Approximately syntax checking Perl code, faster than perl -c

Question

Is there a way to syntax check a Perl program without running perl? The well-known answer is 'no'. Without starting the full perl runtime to evaluate code for imports, etc, you cannot tell whether program syntax is correct.

But what about if you wanted an approximate answer? A syntax checker that will say either 'bad' or 'maybe'. If 'bad' then the program is definitely not valid perl code (assuming a vanilla perl interpreter). If 'maybe' then it looks OK but only perl itself will be able to say for sure.

A program which always prints 'maybe' is clearly such a checker, but not a very useful one. A better attempt is to use PPI. There may be some valid Perl programs which are rejected by PPI, but if that occurs it is accepted as a PPI bug (I think).

Digression: Why is this useful? One use might be a kwalitee check. To catch various "d'oh" moments the version control system at $WORK runs all Perl code through perl -c before allowing the commit. (I am not recommending this as a general practice, just noting that it has been useful at our site.) But perl -c is unsafe, since it executes code (as it must). Using a conservative syntax checker instead would be safer, at the expense of some cases where the checker says 'maybe' but in fact the program is not valid Perl.
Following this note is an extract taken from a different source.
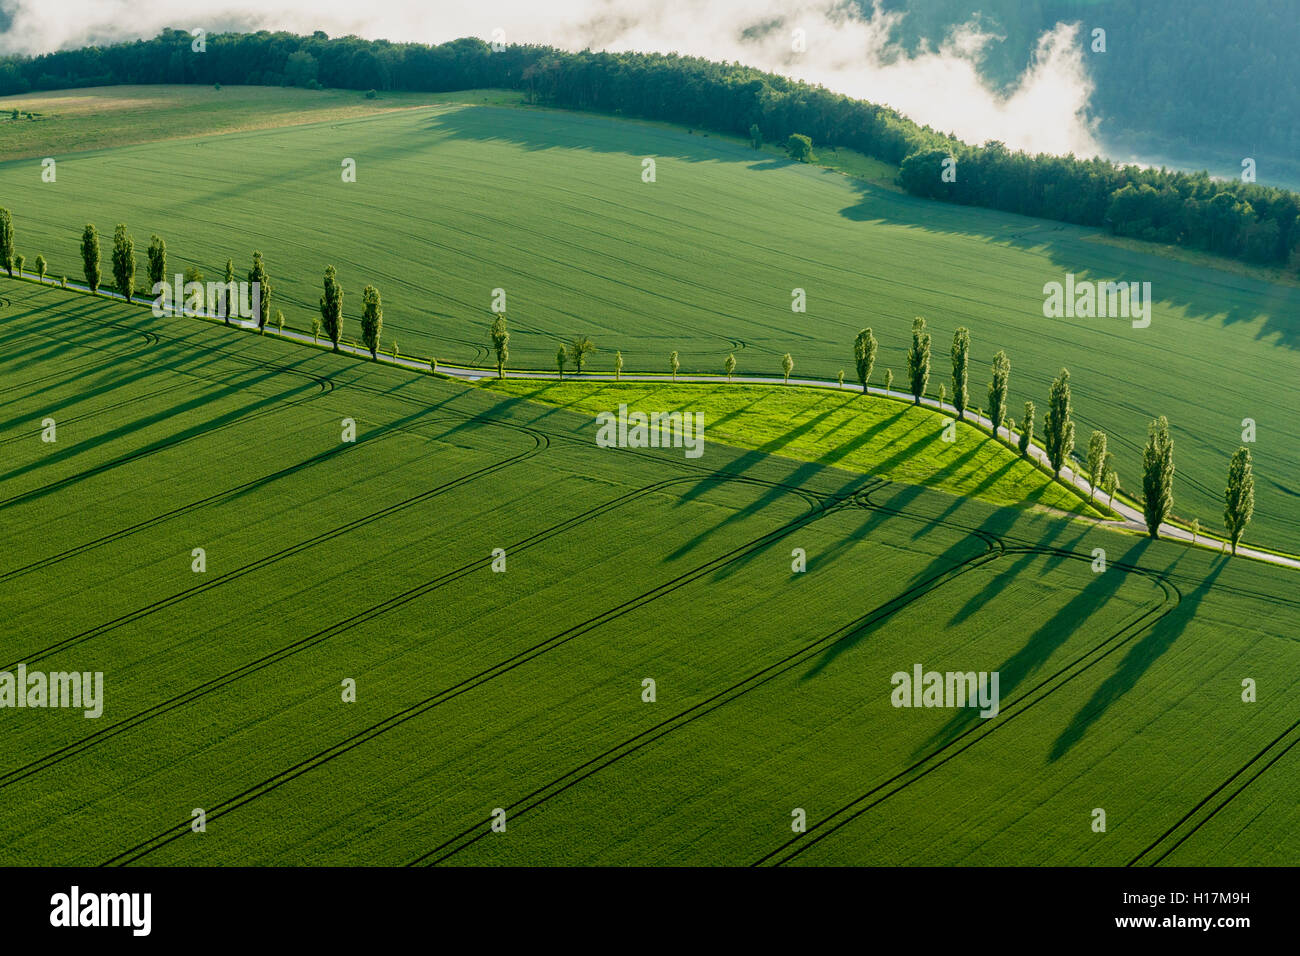 Eine Reihe von Pappeln (Populus) ist die Erstellung lange Schatten auf ein grünes Feld, Königstein, Sachsen, Deutschland Stockfoto

What I really want (end of digression): But in fact safety is not the motivating factor for my current application. I am interested in speed. Is there a way to roughly check and reject badly-formed Perl code before going to the expense of spinning up a whole Perl interpreter? PPI is slower than perl itself, so not a good candidate. You could write an approximate Perl grammar and use a parser generator to build a simple C program which accepts or rejects pseudo-Perl.

My application is 'delta debugging'. You start with a large program which has a certain property (such as segfaulting, for example), and knock out sections of it while preserving that property. I use http://delta.tigris.org/ which works in a simple-minded line-oriented way. Many of the test cases it generates will not be valid Perl code. The delta debugging would go faster if these could be eliminated quickly before the full perl executable is started.

Since the overhead of starting the perl interpreter is probably the biggest part of the time taken, you could implement some kind of server which listens on a socket, accepts program text, and returns 'bad' or 'maybe' by attempting to eval() the text or run it through PPI.

Another way to speed things up is to make perl fail faster. Normally it prints all the syntax errors and diagnostics it can find. If it would instead stop on the first one some time would be saved.

But I do like the idea of a grammar for almost-Perl which could be checked by a simple C program. Does such a thing exist?

(Related: Perl shallow syntax check? ie. do not check syntax of imports but my question is more about speed, and I am happy to have a rough check which will accept some invalid programs, as long as it does not reject valid ones.)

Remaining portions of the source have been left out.